EXTRACTED MATERIAL

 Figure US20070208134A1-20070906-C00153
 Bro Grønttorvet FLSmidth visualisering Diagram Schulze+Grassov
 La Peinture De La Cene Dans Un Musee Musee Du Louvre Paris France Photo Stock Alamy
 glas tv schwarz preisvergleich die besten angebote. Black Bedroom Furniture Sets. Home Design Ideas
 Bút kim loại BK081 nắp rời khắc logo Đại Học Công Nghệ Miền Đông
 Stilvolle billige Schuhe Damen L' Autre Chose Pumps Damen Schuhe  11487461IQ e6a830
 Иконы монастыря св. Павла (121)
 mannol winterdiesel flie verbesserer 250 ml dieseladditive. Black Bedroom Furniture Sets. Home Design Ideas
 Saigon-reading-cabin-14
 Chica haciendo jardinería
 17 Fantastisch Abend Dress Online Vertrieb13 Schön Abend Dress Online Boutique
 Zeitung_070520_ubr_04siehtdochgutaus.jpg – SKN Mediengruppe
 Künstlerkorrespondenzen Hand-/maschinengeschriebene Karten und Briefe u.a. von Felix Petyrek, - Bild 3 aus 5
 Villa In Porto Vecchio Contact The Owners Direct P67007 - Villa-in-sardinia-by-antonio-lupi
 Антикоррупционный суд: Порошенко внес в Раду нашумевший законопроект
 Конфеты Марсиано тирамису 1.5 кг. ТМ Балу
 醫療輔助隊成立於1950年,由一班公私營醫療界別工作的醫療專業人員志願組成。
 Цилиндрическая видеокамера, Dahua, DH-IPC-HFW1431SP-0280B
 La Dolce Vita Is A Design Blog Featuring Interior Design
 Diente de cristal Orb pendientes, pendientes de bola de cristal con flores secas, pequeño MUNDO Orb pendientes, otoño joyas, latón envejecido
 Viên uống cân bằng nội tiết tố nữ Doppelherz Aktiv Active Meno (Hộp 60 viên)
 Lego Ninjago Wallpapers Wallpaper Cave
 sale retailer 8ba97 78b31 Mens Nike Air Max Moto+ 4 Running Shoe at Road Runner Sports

PROBLEM TO WORK ON
The records shown above are to be retyped exactly, with none omitted.

RESPONSE TO THE TASK
 Figure US20070208134A1-20070906-C00153
 Bro Grønttorvet FLSmidth visualisering Diagram Schulze+Grassov
 La Peinture De La Cene Dans Un Musee Musee Du Louvre Paris France Photo Stock Alamy
 glas tv schwarz preisvergleich die besten angebote. Black Bedroom Furniture Sets. Home Design Ideas
 Bút kim loại BK081 nắp rời khắc logo Đại Học Công Nghệ Miền Đông
 Stilvolle billige Schuhe Damen L' Autre Chose Pumps Damen Schuhe  11487461IQ e6a830
 Иконы монастыря св. Павла (121)
 mannol winterdiesel flie verbesserer 250 ml dieseladditive. Black Bedroom Furniture Sets. Home Design Ideas
 Saigon-reading-cabin-14
 Chica haciendo jardinería
 17 Fantastisch Abend Dress Online Vertrieb13 Schön Abend Dress Online Boutique
 Zeitung_070520_ubr_04siehtdochgutaus.jpg – SKN Mediengruppe
 Künstlerkorrespondenzen Hand-/maschinengeschriebene Karten und Briefe u.a. von Felix Petyrek, - Bild 3 aus 5
 Villa In Porto Vecchio Contact The Owners Direct P67007 - Villa-in-sardinia-by-antonio-lupi
 Антикоррупционный суд: Порошенко внес в Раду нашумевший законопроект
 Конфеты Марсиано тирамису 1.5 кг. ТМ Балу
 醫療輔助隊成立於1950年,由一班公私營醫療界別工作的醫療專業人員志願組成。
 Цилиндрическая видеокамера, Dahua, DH-IPC-HFW1431SP-0280B
 La Dolce Vita Is A Design Blog Featuring Interior Design
 Diente de cristal Orb pendientes, pendientes de bola de cristal con flores secas, pequeño MUNDO Orb pendientes, otoño joyas, latón envejecido
 Viên uống cân bằng nội tiết tố nữ Doppelherz Aktiv Active Meno (Hộp 60 viên)
 Lego Ninjago Wallpapers Wallpaper Cave
 sale retailer 8ba97 78b31 Mens Nike Air Max Moto+ 4 Running Shoe at Road Runner Sports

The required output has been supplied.